Dell now sees revenue growth for the year of 6%, with non-GAAP earnings growth of 12% -- that is well above its previous forecast of 3% to 4% revenue growth and 6% profit growth. And the company's July quarter guidance -- which calls for 10% revenue growth and profits of $1.55 to $1.70 a share -- beat Street estimates on both measures.
There were other positives. Dell bought back $1.5 billion of stock in the quarter, close to 5% of the company's market cap. Dell had instituted a $5 billion repurchase plan two quarters ago, following the recent spinout of its stake in VMware. As part of that transaction, VMware issued a special dividend to its largest holders, i.e., mostly to Dell itself, with most of the cash targeted at reducing Dell's debt load.
Dell also got a chunk of cash from the recent $4 billion sale of its former Boomi Technologies software unit to private-equity investors. CFO Tom Sweet said Dell will continue to buy back shares, but the pace will slow.
Dell spent almost no time on the earnings call talking about Russia and Ukraine. In an interview with Barron's, Sweet noted that the company has stopped doing business in both countries, where Dell had been generating about $1 billion a year in revenue combined.
Meanwhile, Sweet said China's recent Covid-related shutdowns of manufacturing sites in Shanghai was an issue, with backlog running at higher-than-normal levels for both the PC and enterprise hardware businesses.
Sweet said that the company's Latitude notebook PC line is manufactured in that area, and components used in those products and others are produced there as well. But Dell appears to have navigated the supply-chain issues more nimbly than some other enterprise hardware players.
As for macroeconomic issues, Sweet says that "there are a lot of conflicting signals."
He notes that input costs are rising, with logistics and transportation costs a particular issue, and component shortages remain a problem.

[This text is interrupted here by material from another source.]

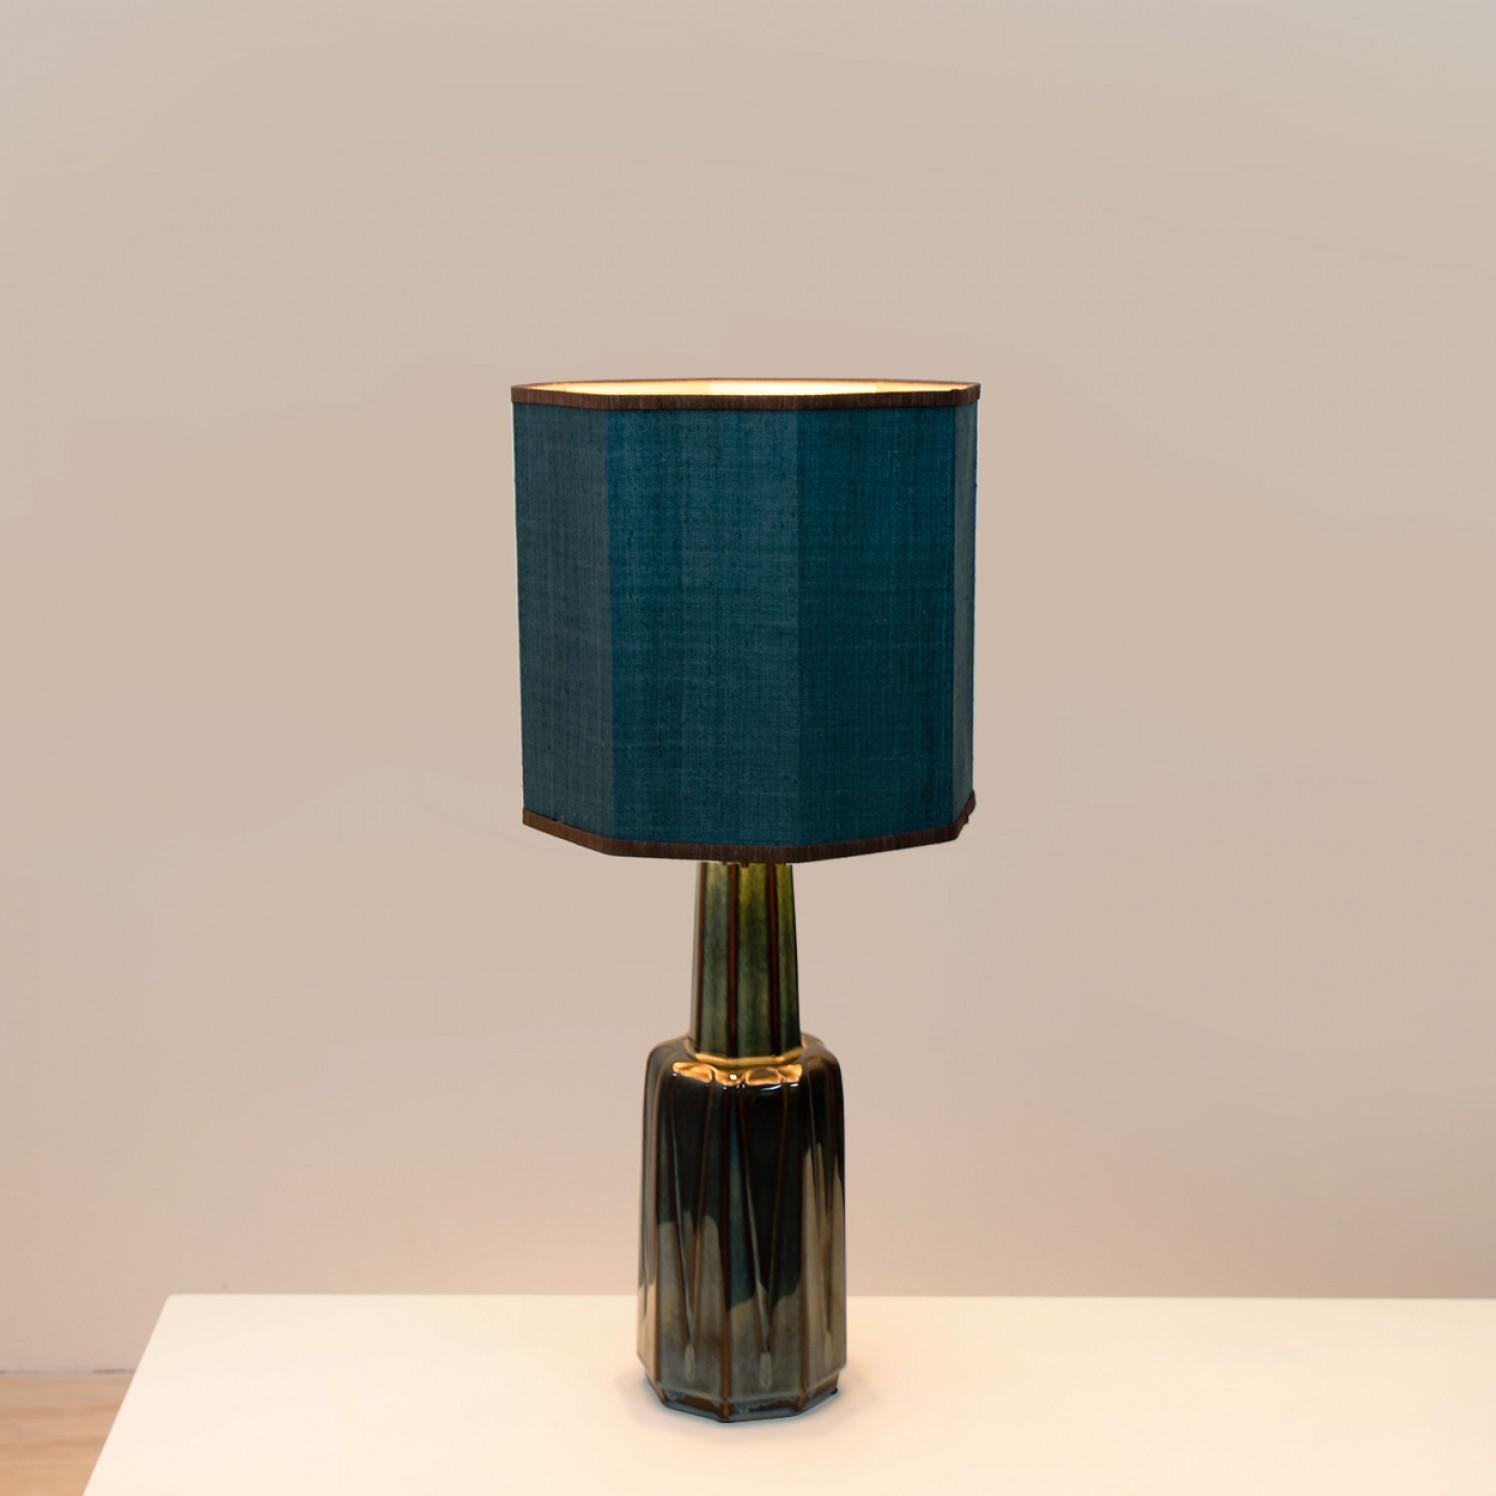 1 of the 2 Large Soholm Lamp with New Blue Silk Custom Made Lampshade Houben, 19 2
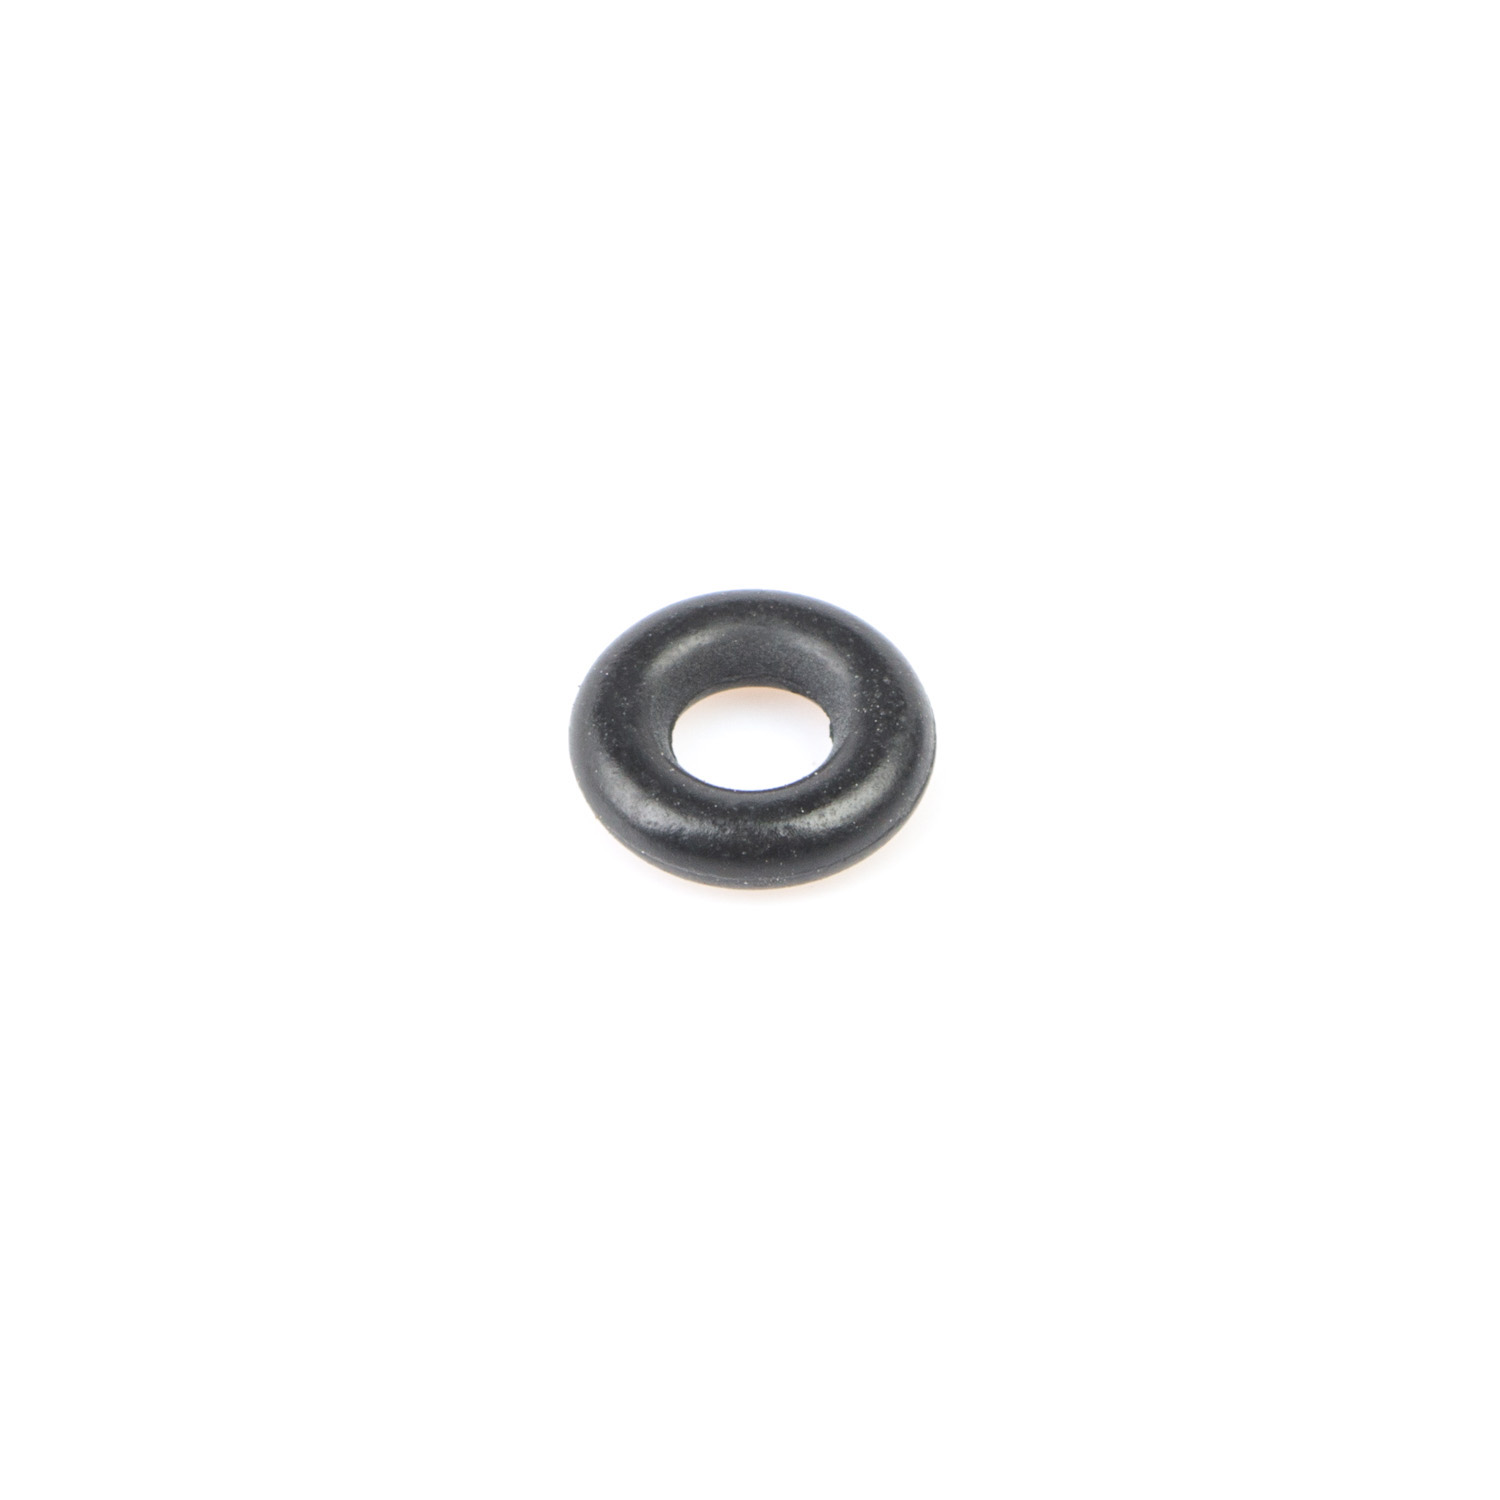 DT125MX Carb Idle Screw O-Ring

He expects those elements to continue to be "a significant drag" to margins.
Dell has raised prices on many products to compensate, he says, while noting that "if you price too high, you slow down demand." Sweet sees some margin compression ahead, as well as headwinds from unfavorable currency exchange rates.
The Street was pleased with the numbers, particularly given recent stumbles by other hardware players.
"It is very clear Dell is gaining share and executing a challenging supply chain environment in a very impressive manner," Barclays analyst Jim Suva writes in a research note, while repeating his Buy rating and $65 target price. "The handoff from consumer IT spending to corporate IT spending helps Dell and we are at the early innings of this handoff."
Evercore ISI analyst Amit Daryanani, who had recommended buying Dell shares heading into the report, writes in a research note that while the guidance was better than the Street had feared, it still looks conservative, implying flat year-over-year sales growth in the second half of the year. He thinks that the company's elevated backlog and continued tailwinds in the form of strong infrastructure demand should provide further upside from here. He keeps his Outperform rating, and lifts his target price to $63, from $60.
The stock is hardly risk-free, with growth certain to slow measurably from here. But statistically, Dell remains one of the cheapest tech stocks, trading for 7 times expected current year profits and roughly 0.3 times projected sales -- and the company has a 3.3% dividend yield.
On Friday, the strong Dell results triggered healthy gains across the hardware sector. Hewlett Packard Enterprise $(HPE)$, HP Inc. $(HPQ)$, Pure Storage $(PSTG)$, and NetApp $(NTAP)$, all of which report earnings next week, have all rallied 3%-4% on Friday.
Apple $(AAPL)$, IBM $(IBM)$, Arista Networks $(ANET)$, Cisco (CSCO), Western Digital $(WDC.UK)$, and Seagate $(STX)$ are all trading higher as well.
Dell shares rallied 12.86% on Friday, the stock's biggest one-day move in more than two years, and the second-biggest in the company's history as a public company. That move has reduced Dell's year-to-date decline to 12%.